THE DATA:
• • • • • • •

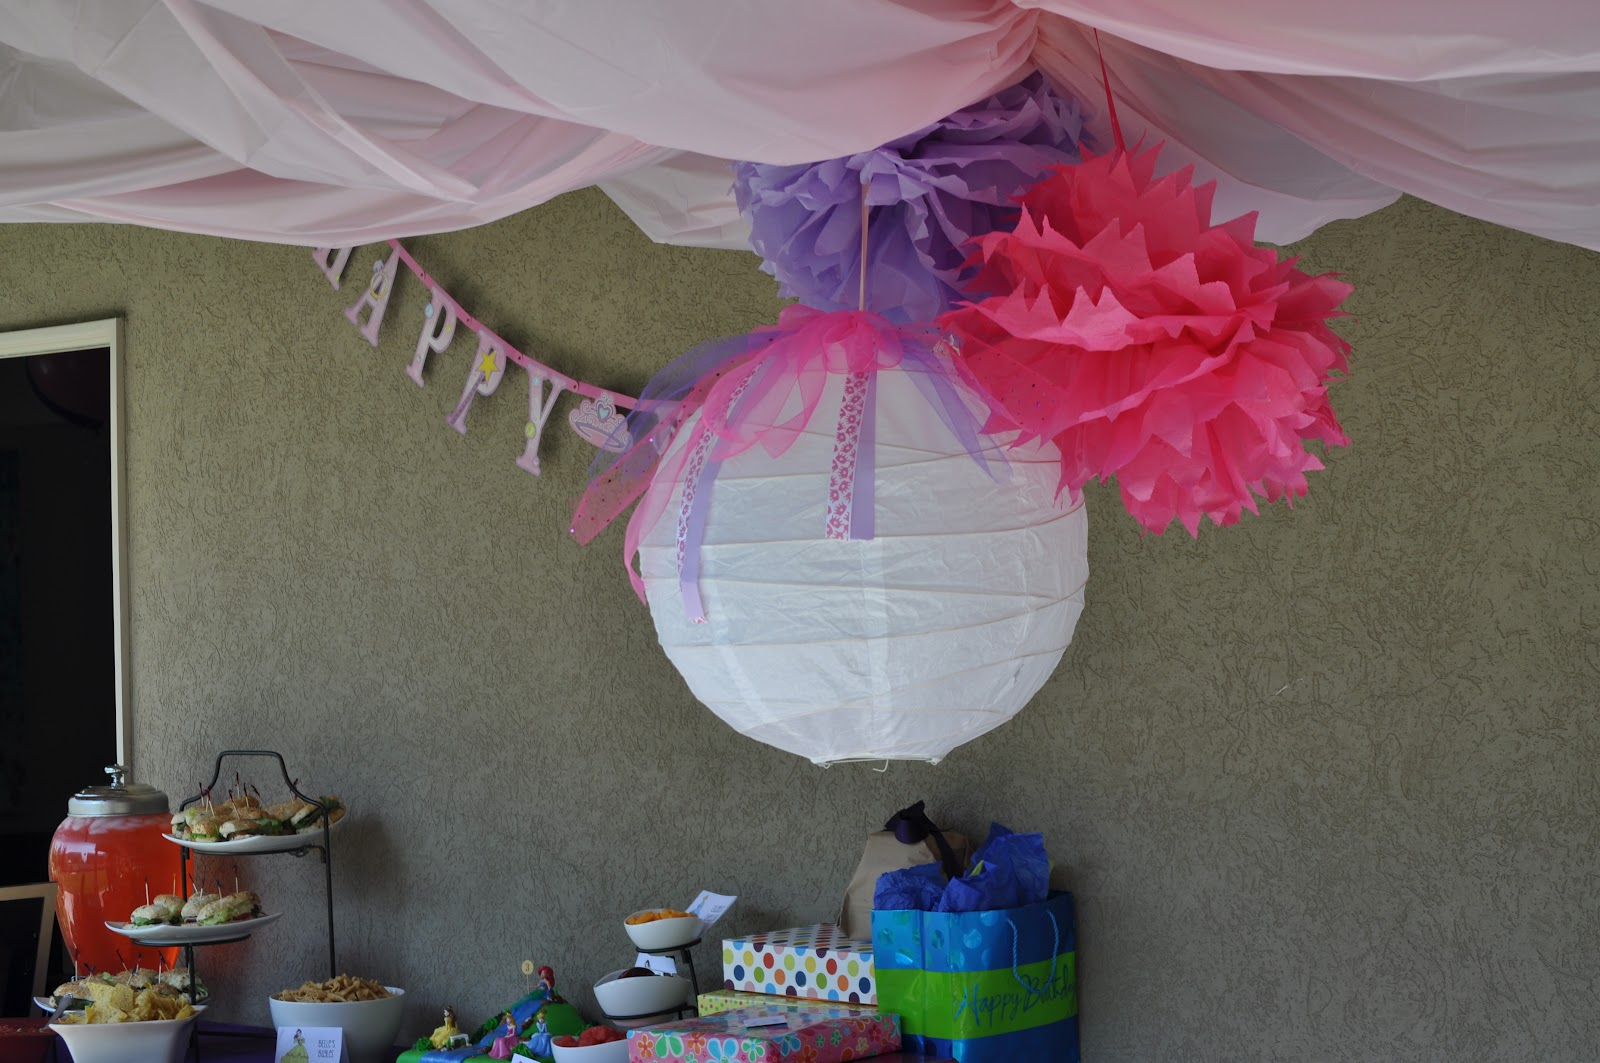 Disney princess birthday party events to celebrate for Princess birthday party crafts
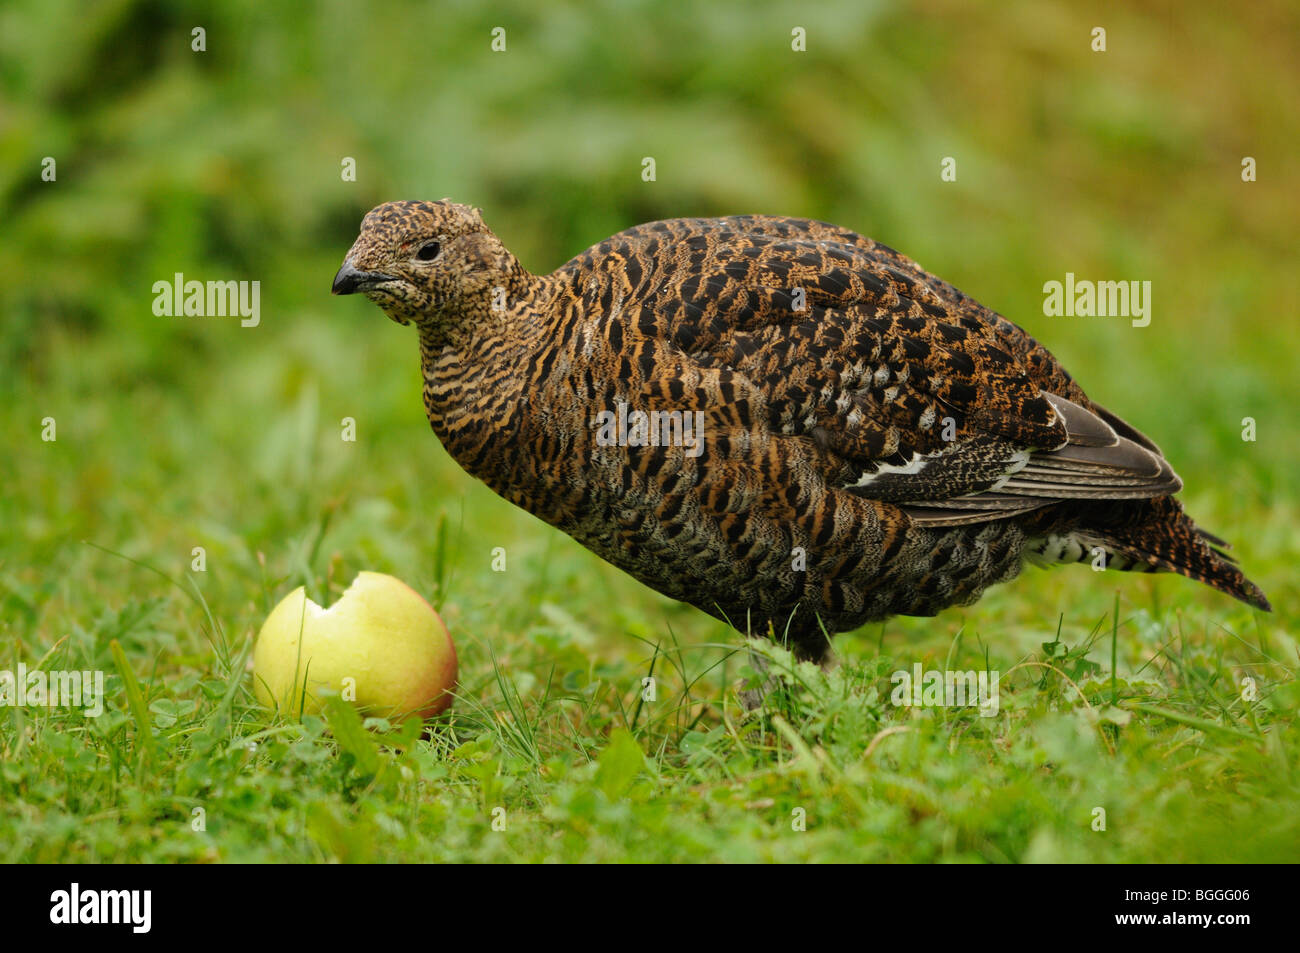 Black grouse, Lyrurus tetrix, Tetrao tetrix - Stock Image
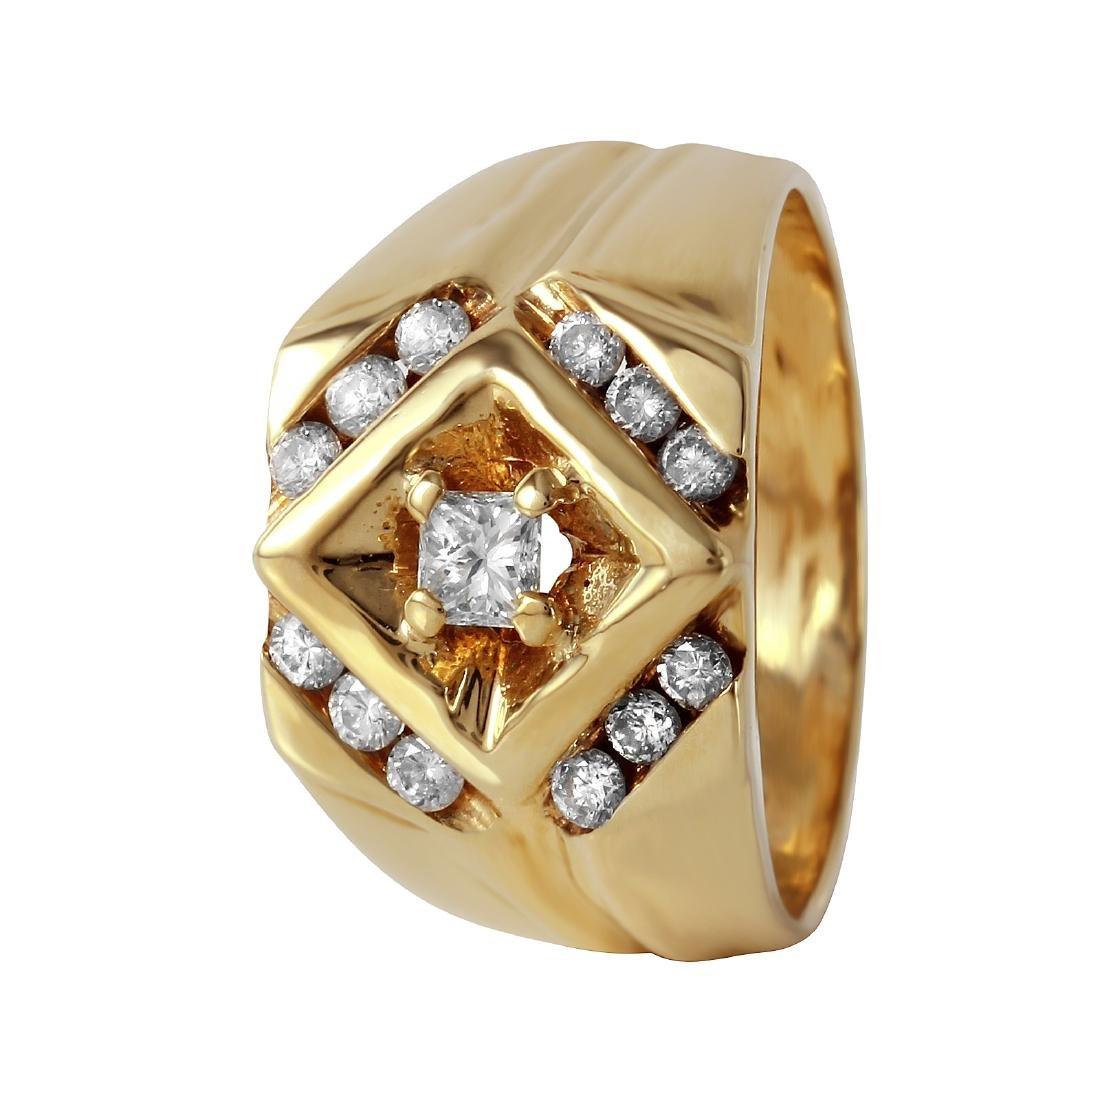 Men's 14KT Yellow Gold Diamond Ring
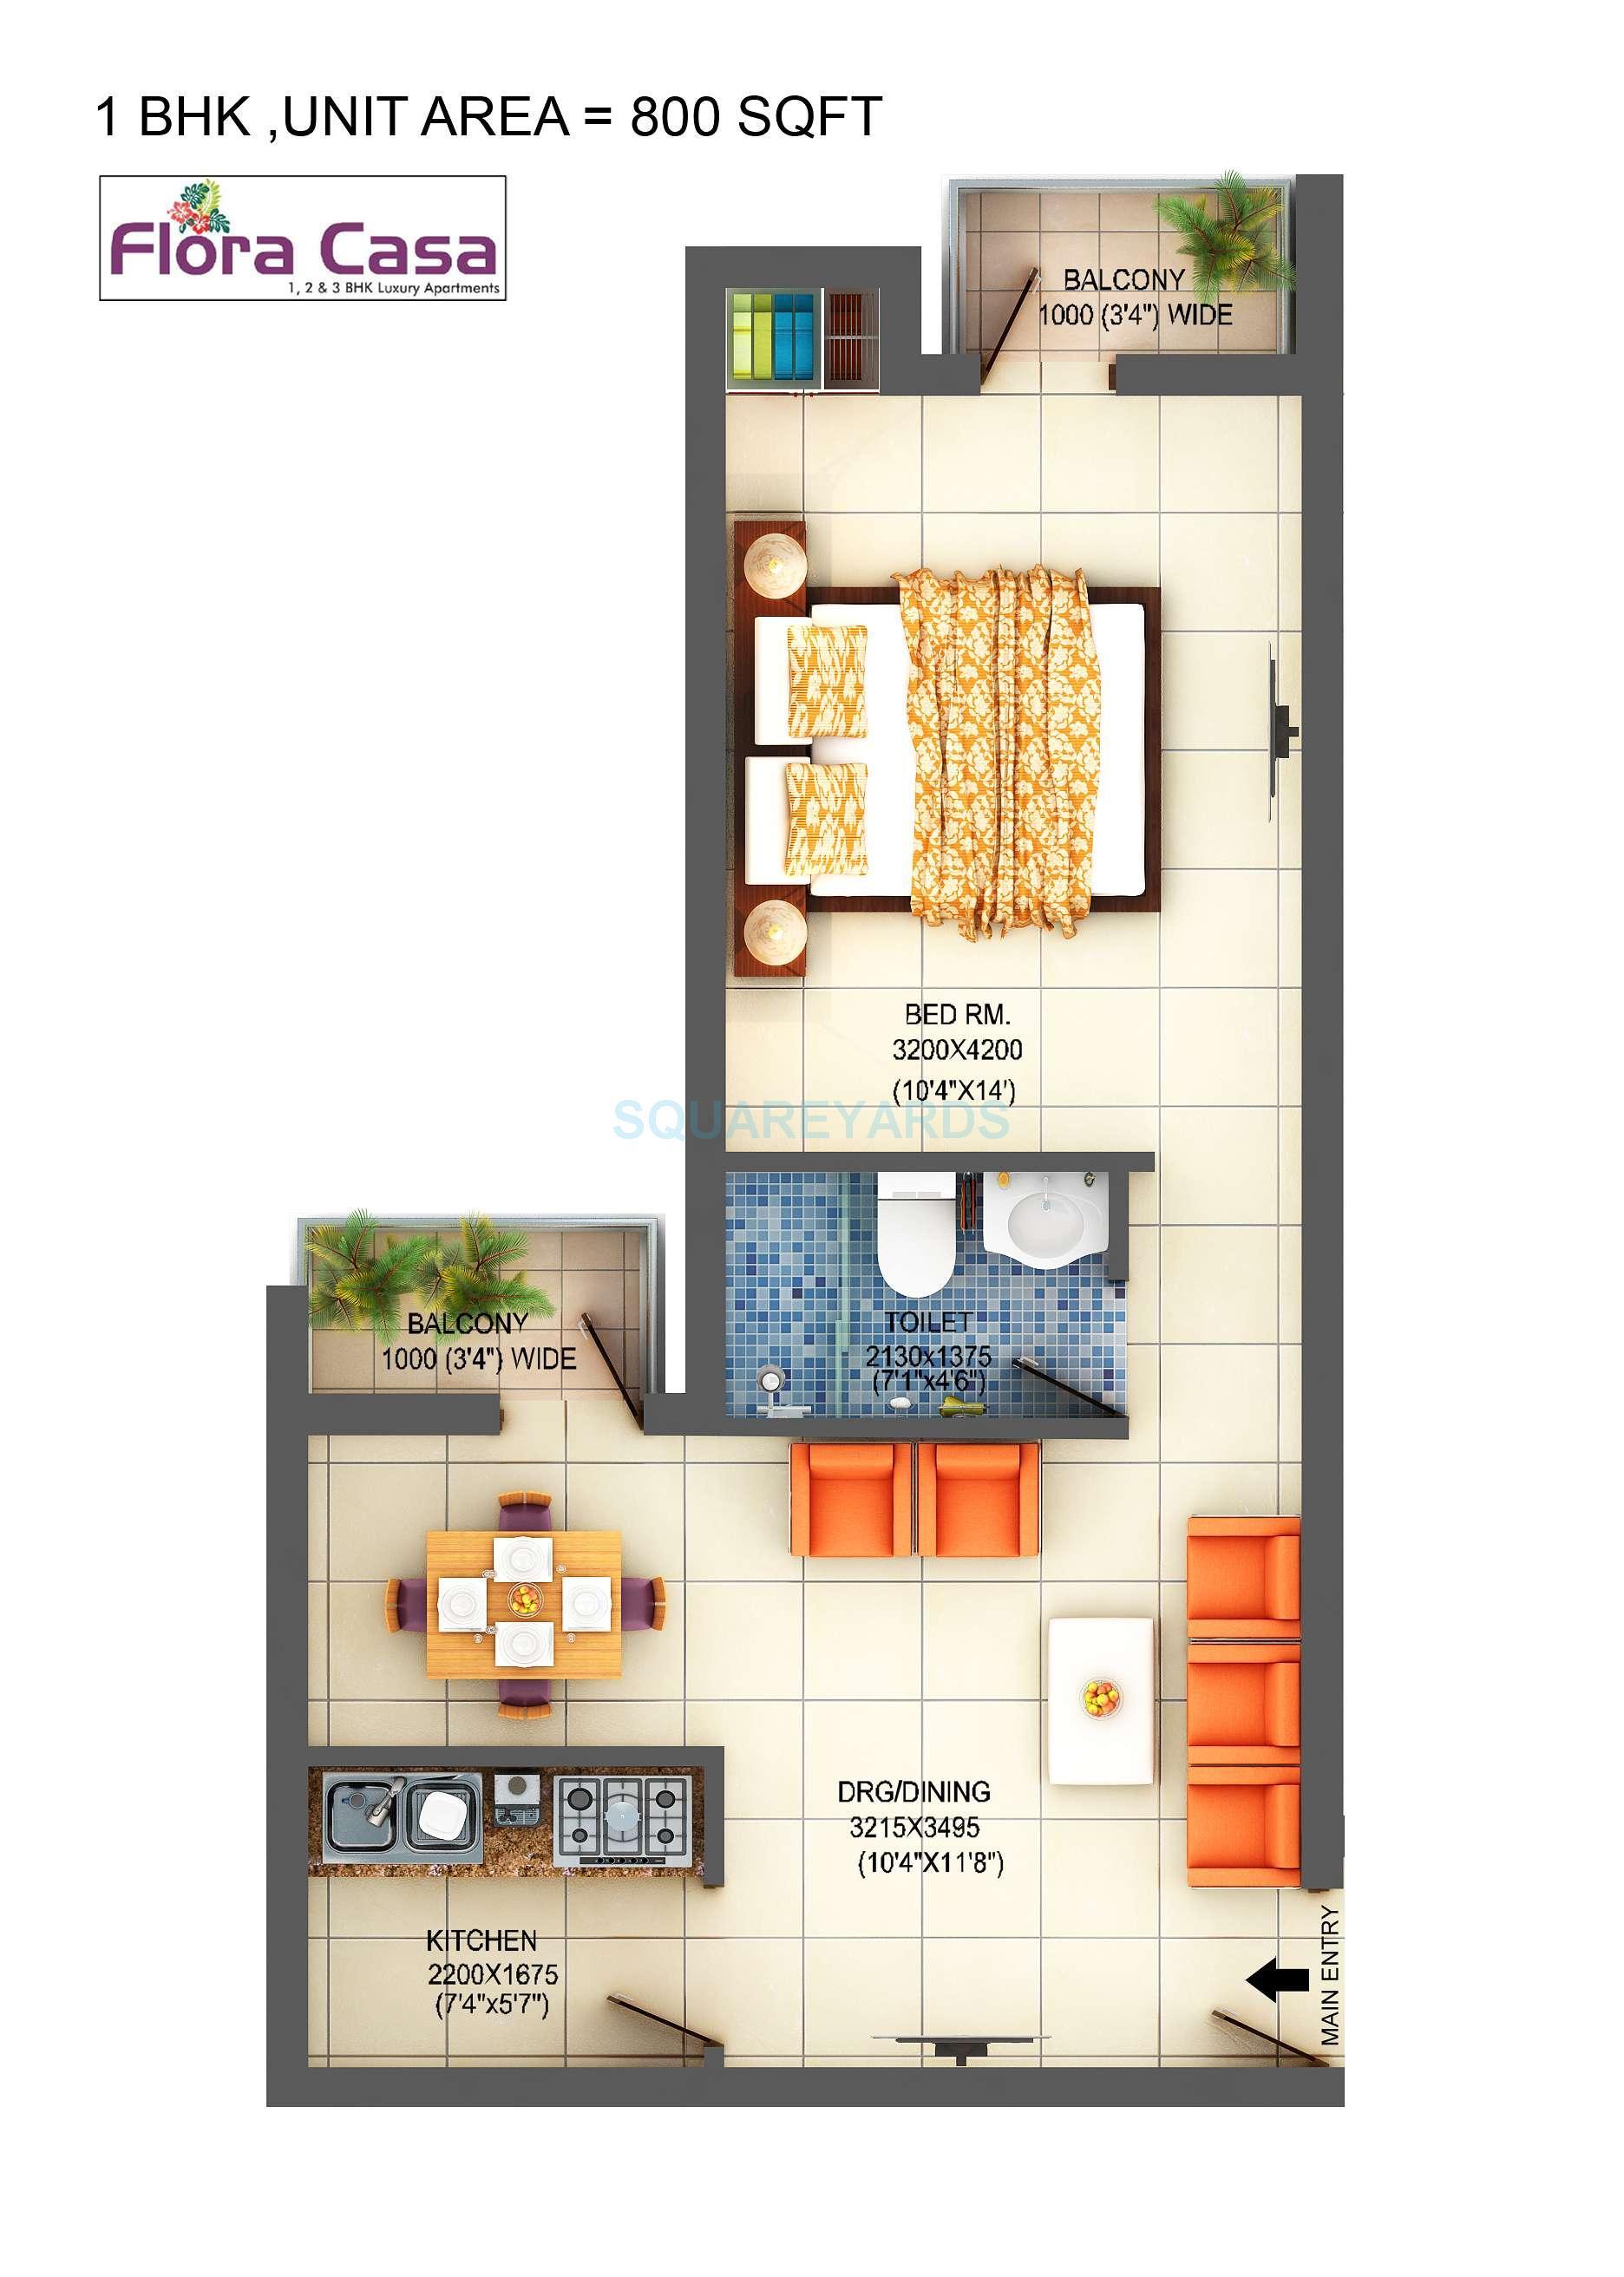 1 BHK 800 Sq. Ft. Apartment Floor Plan

• • • • • • •

Would you write out the data exactly, with no pictures in the copy?

RESPONSE FOR THIS EXERCISE:
 Disney princess birthday party events to celebrate for Princess birthday party crafts
 Black grouse, Lyrurus tetrix, Tetrao tetrix - Stock Image
 Men's 14KT Yellow Gold Diamond Ring
 1 BHK 800 Sq. Ft. Apartment Floor Plan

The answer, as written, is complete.